Hello lovely running fiends,
Firstly, thank you to all you lovely people for supporting me through a hairy final few weeks of my HM training. Secondly, I did it! And you know what? I loved every minute of it, more than I ever thought possible. I must have looked like a right loon as I was literally grinning the whole way. (I remembered reading an interview with the lovely Kipchoge, who said that smiling made running a race so much easier, so I thought I would give that a whirl β I am happy to report it works.)

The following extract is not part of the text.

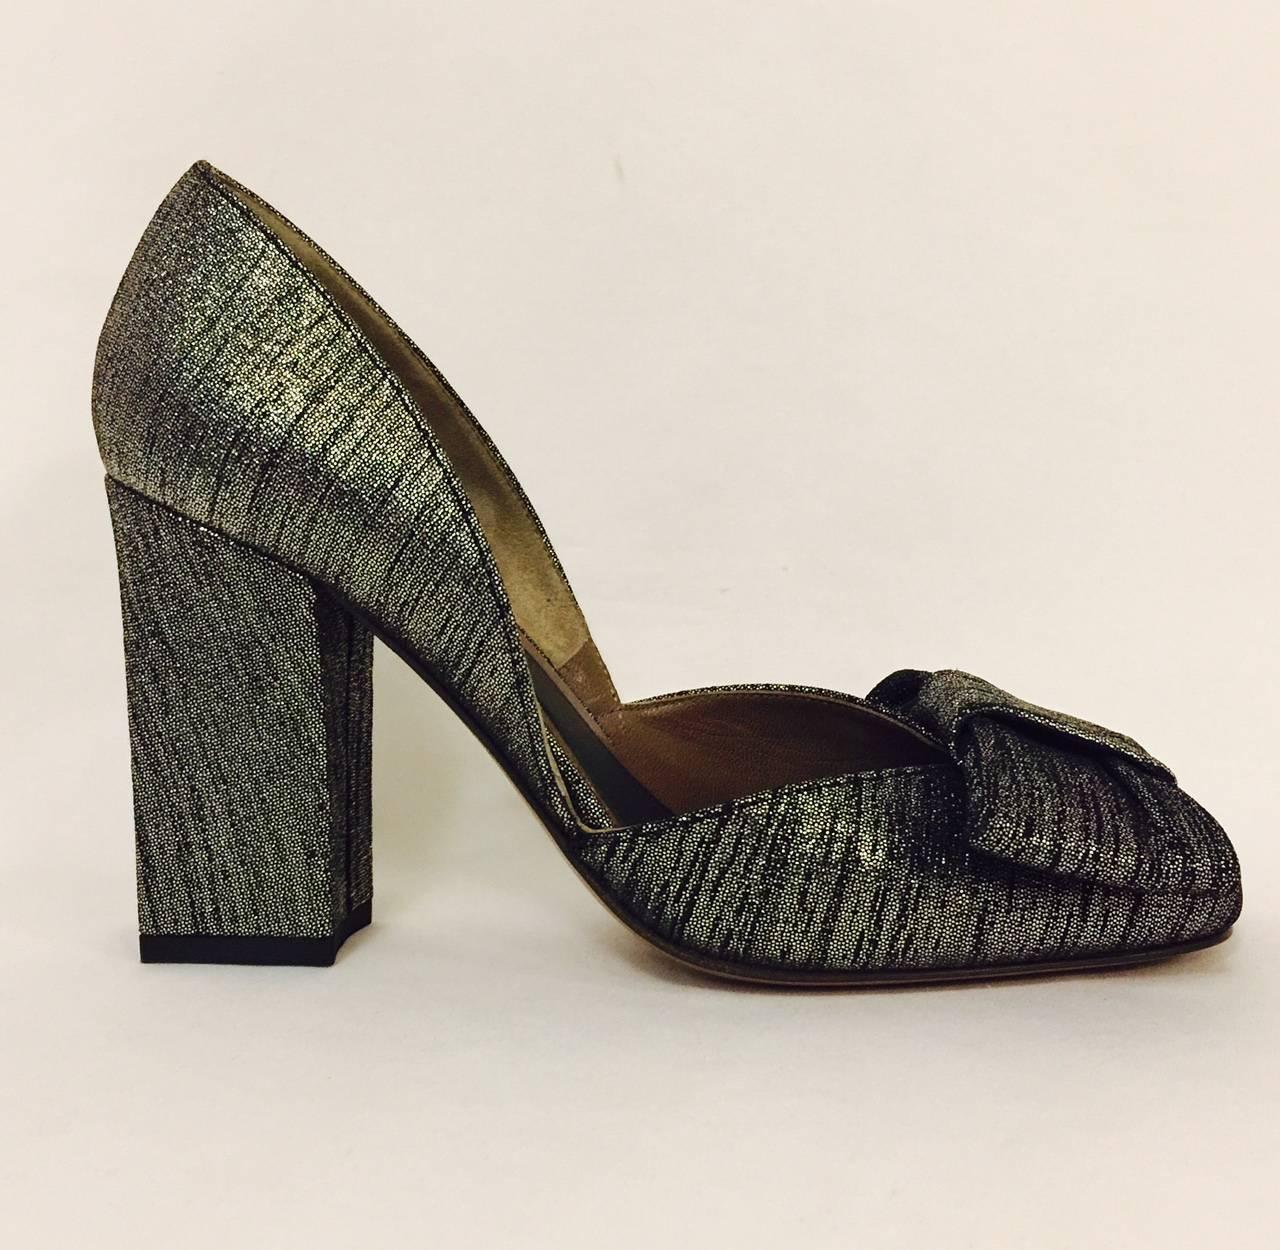 Marni New Black and Silver Metallic Suede Evening Pumps With Bow  In New Condition For Sale In Palm Beach, FL

Weirdly, I did not have many nerves this morning pre-race. I felt prepared, and excited. Only slight nerves came from wondering if my ITB syndrome would flare up and ruin my race. My eyes pinged open at 5am, and I sprang out of bed for coffee and time to chill/prepare. Arrived at the race start in plenty of time, pinned on me number, and milled around taking in the atmosphere, chatting to a few other runners. Such a beautiful day! Blue skies and sun...gorgeous. Felt a bit teary at the start line for no apparent reason β I was not sad. Just...teary! Then I got a grip. It was going to be a hot run and I needed to hold onto fluids, not let them leak out of my eyes! (Thank goodness for sunglasses.)

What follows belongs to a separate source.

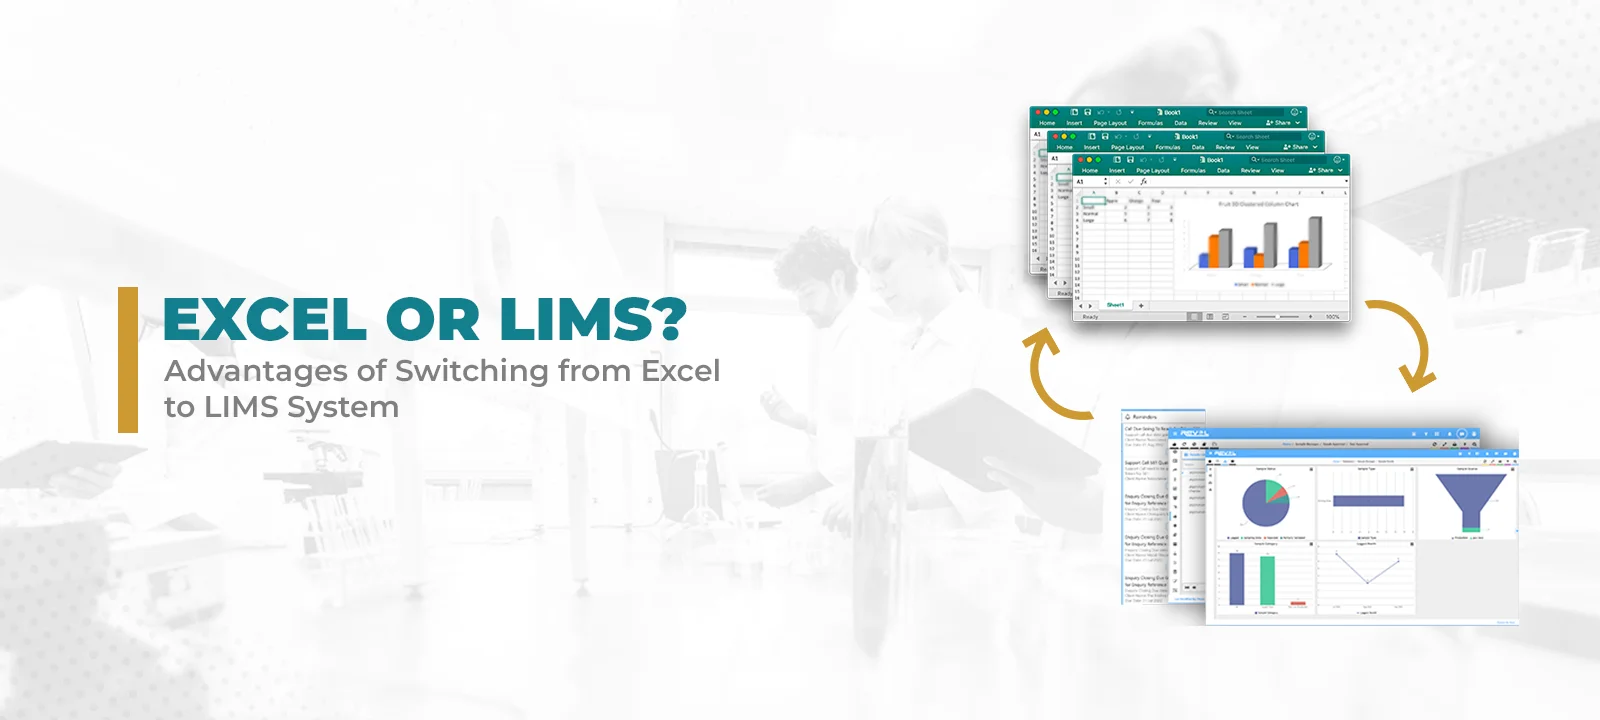 An image showcases a comparison between Excel and LIMS (Laboratory Information Management System) with  icons representing Excel spreadsheets and LIMS functionalities.

I started well at the back, whilst everyone else zipped off at an alarmingly fast pace. It was a little bit off-putting, as nobody likes to be one of the last, but I kept my nerve, and kept it at a good slow pace. I did eventually take over a few people, but not that many! It was a race full of club runners ... all after PBs it seemed! I felt absolutely amazing for the first 12k. Lots of energy (thanks to carb loading), happy, and no pain anywhere. The marshalls were fantastic; support minimal, as it was a small race, but there was some support and it was lovely. And my boyfriend waited at the 4k mark to cheer me on (as it was right by our flat!) That was lovely. He then caught the train to be waiting for me at the finish line. Off I trotted. So nice to run familiar streets, and pass through my two favourite parks that I train in.
Then! What I had been worrying about actually did happen. Knee pain at 12km. Not unbearable, but there all the same. A bit sharp and achy. Classic ITB friction. Pfffffft. I was so annoyed, as I did not need to stop for any other reason; I was feeling great. But, Sadie the Sensible kicked in, so from that point on I took lots of walk breaks. It did help, but the pain did kick back in whenever I ran. But still, I felt cheery, and pretty confident I could finish this way.

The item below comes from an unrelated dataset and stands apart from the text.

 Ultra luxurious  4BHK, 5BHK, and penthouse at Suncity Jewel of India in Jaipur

I stopped at 18k to walk for a bit with a lady who was looking very miserable. She was not injured or in any pain, but just kept saying over and over that her head was not in the right place and that she just couldn't run. I so felt for her. But, after our little chat she managed to start running again and overtook me! I must say, my head was very much in the right place. Just my knee wasn't having any of it!
I finished with a big smile on my face with a time of 2:36:01. (My boyfriend was there to see me finish, good lad!) I am so happy I managed to finish, as last week I was convinced I wouldn't make it. But please humour me hereβ¦I am a little disappointed though. I had to walk quite a lot of the 2nd half of the race β and cannot help but wonder what time i would have got if my ITB hadn't flared up. I feel a tiny bit cheated. I could have run the whole thing with no walking if it wasn't for that, I felt so good and so full of energy, even in the last 5k. (Please don't judge me and tell me I am being silly, this is a safe space and I had to say it!)
Next up: rehab this damn ITB, do some park runs, run with David_G, and improve my 5k time. Oh, and book my next HM! It was the most joyous experience ever!